Wednesday 20 September 2017

Ulster Bank gets €19m judgment against two brothers over investment loans

Tim Healy

ULSTER Bank today got €19m judgment orders against two brothers over unpaid loans given to them mainly for investment purposes.

The bank says it gave the loans to Anthony Deane, Brighton Road, Foxrock, Dublin, and Sean Deane, Cappadoo, Clane, Co Kildare, in 2008 but which have not been repaid.







The loans included €10.4M to fund tax expenses and pay for costs in relation to a Bank of Ireland Brussels investment and also to fund an investment in the UK.







Another €3.37m was provided to fund the purchase of 34 apartments in Rathfarnham, Dublin, while €550,000 was to be used to fund interest on the loan facility.







Their total indebtedness came to around €19m when guarantees they gave for each other's liabilities were taken into account.







In the Commercial Court, Mr Justice Brian McGovern ruled the bank was entitled to summary judgment.







The Deanes, he said, made much of the fact that they were assured the bank only expected payment out of the proceeds of the sale of dwellings which were being constructed by their company, Deane Homes Ltd.

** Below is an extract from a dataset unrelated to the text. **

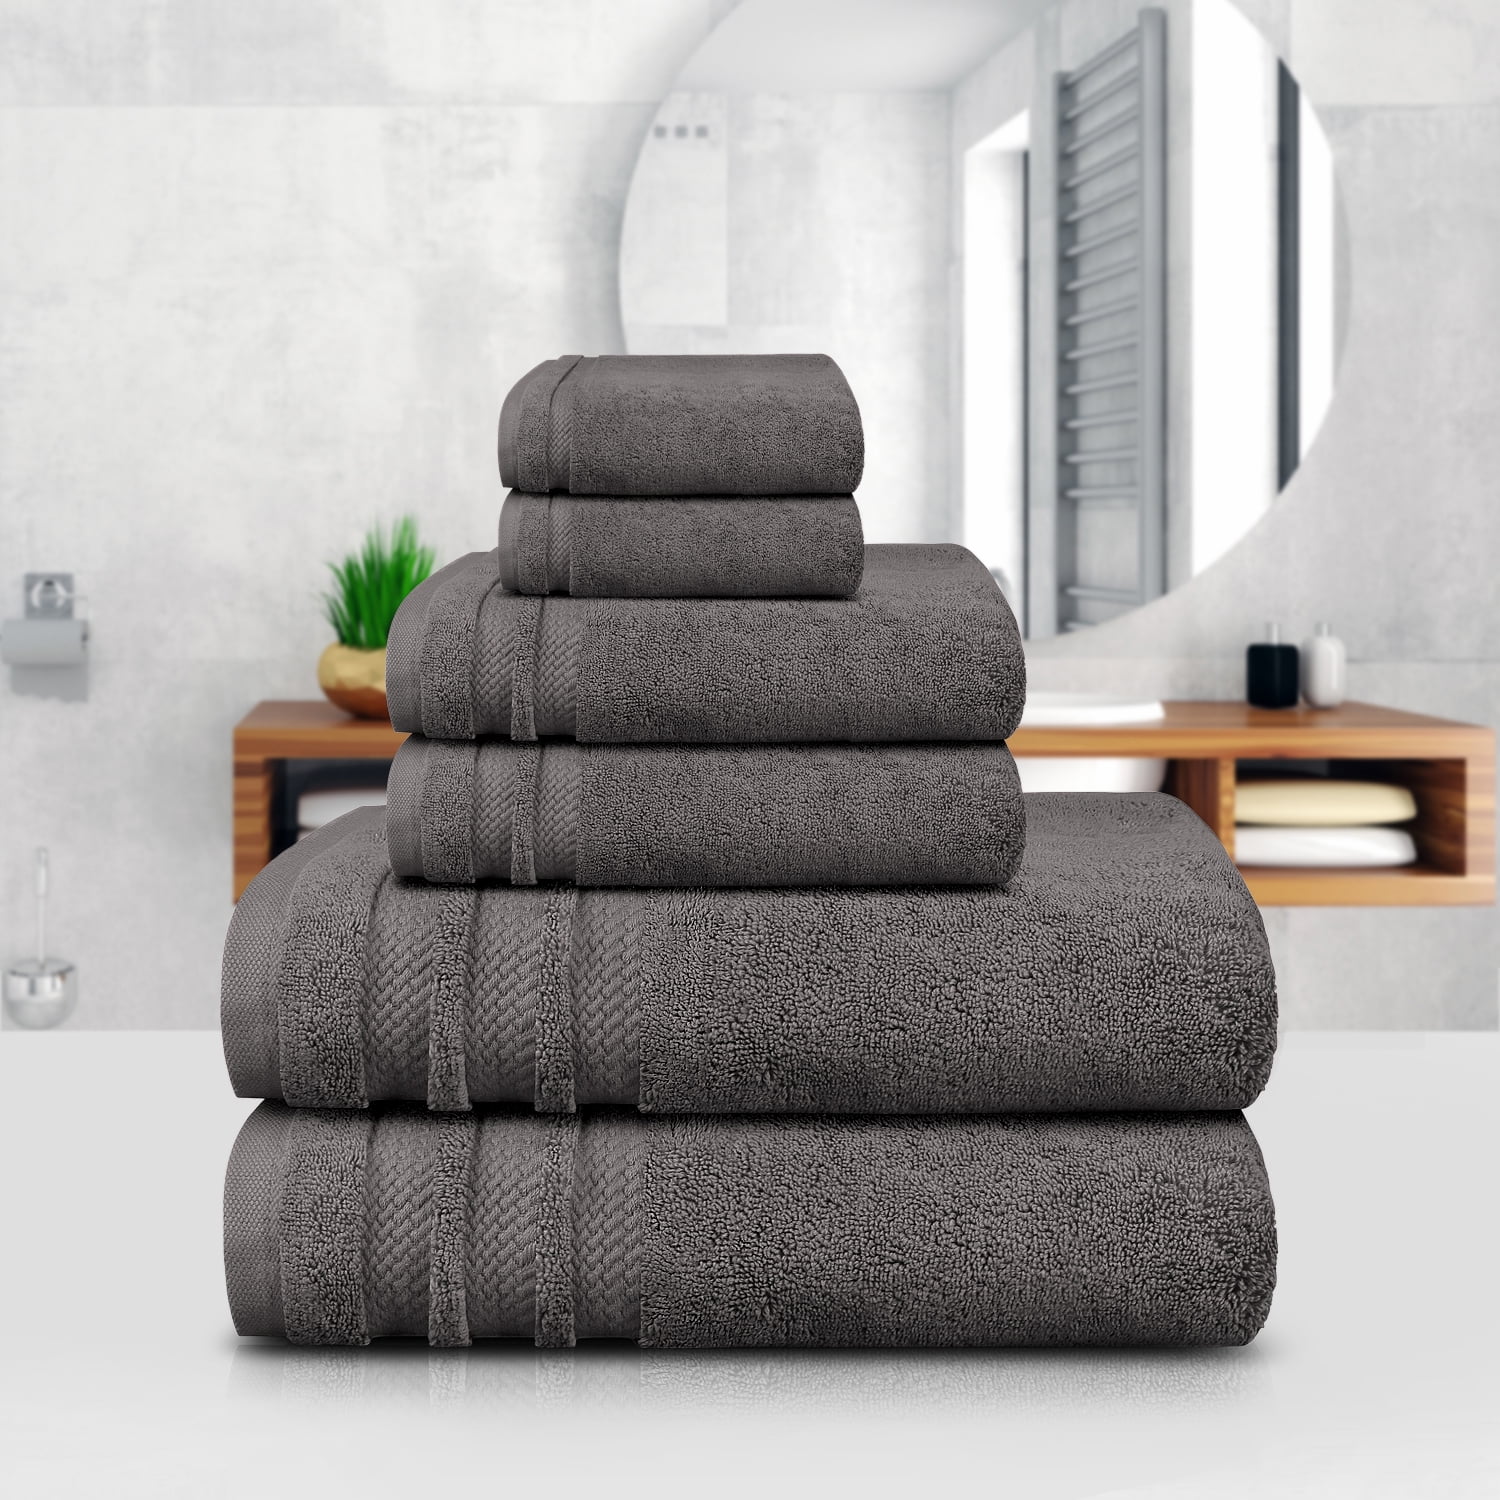 Trident Finesse Ultra Soft, Extra Large, 4 Piece Bath Towels, Super Soft,  Extra Absorbent, 625 GSM, White 
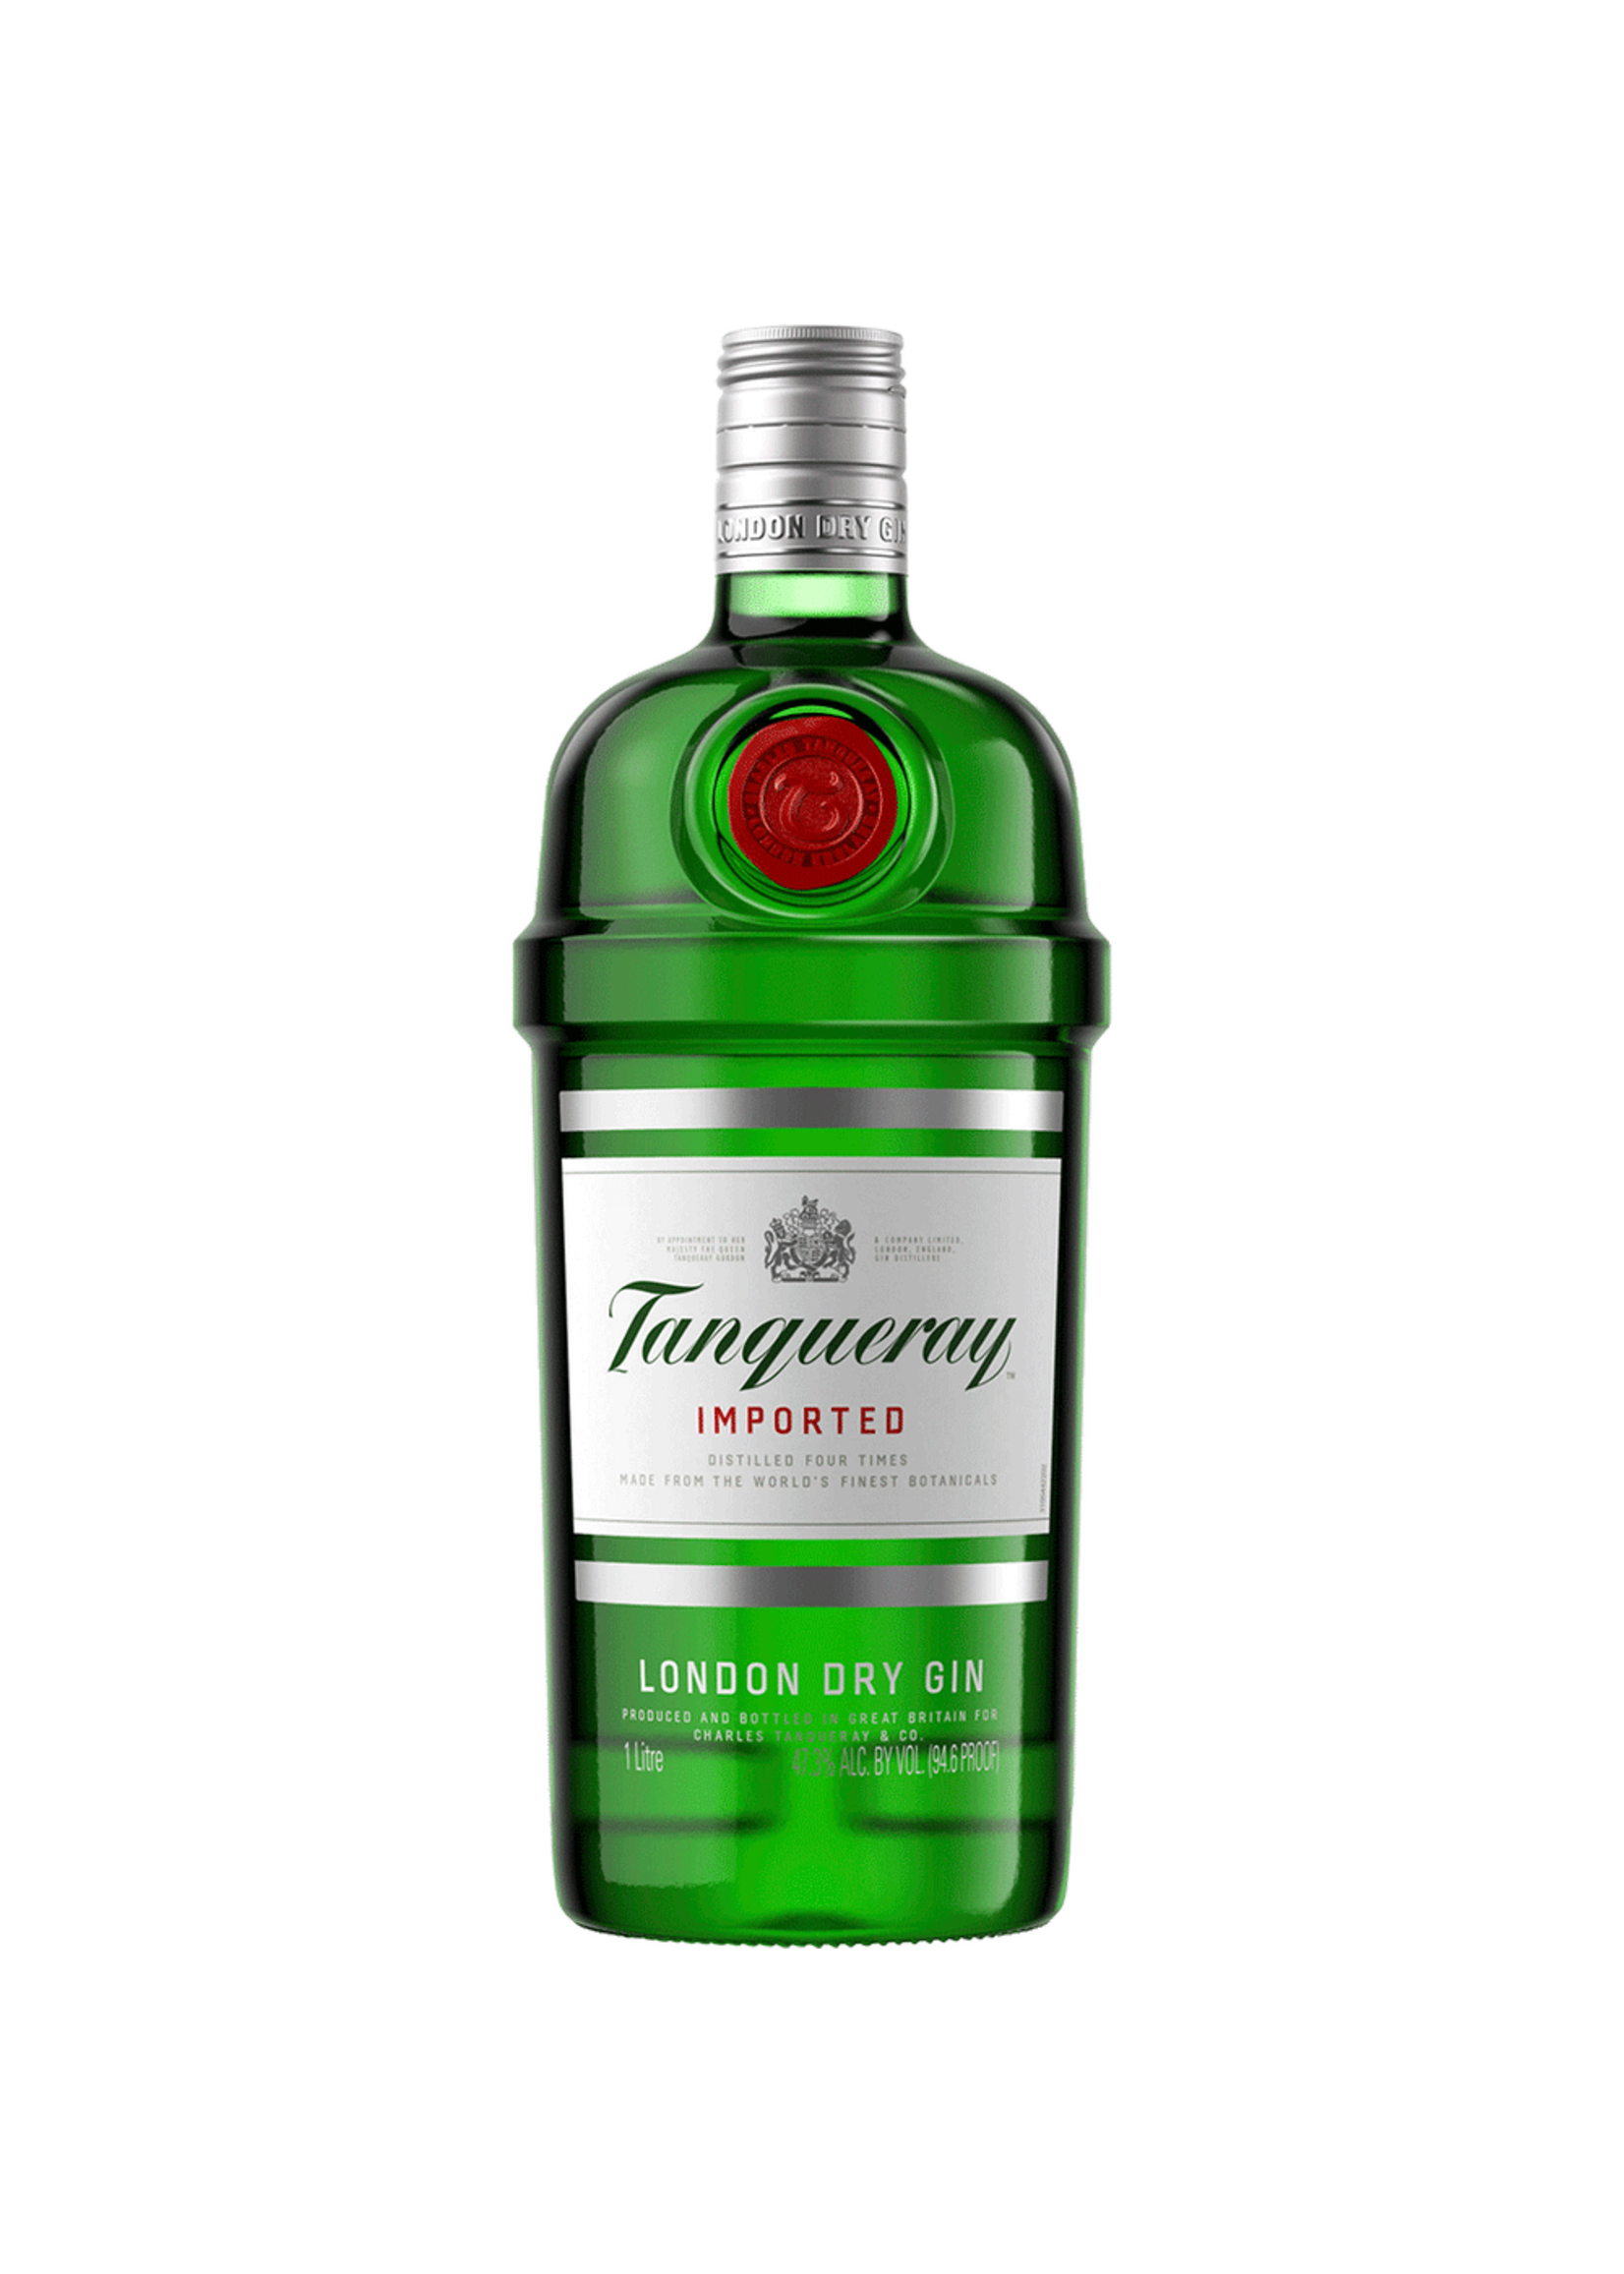 Tanqueray London Dry Gin 94.6Proof 1 Ltr

The Deanes understood it was a long term relationship and the bank would be repaid when furnished dwellings were sold.







The judge said he was quite satisfied this was the understanding of the parties when they entered into the agreement but there was nothing to suggest that such an understanding had acquired the status of a legal obligation. It was, Mr Justice McGovern said merely aspirational.







The monies, the judge said, were loaned on the basis of facility letters which were clear on their face and which were payable on demand.







The Deanes had claimed they were entitled to defend the case on the basis of a side agreement reached with the bank that the loans were due only on the occasion of the sale of sites at Stocking Lane, Dublin.







The judge said the defendants had offered no evidence other than verbal discussions which they say altered the terms of the facility letters but such evidence was inadmissable. The defendants he said had simply not been able to point to any written document or any facts which go any way near to establishing a collateral agreement.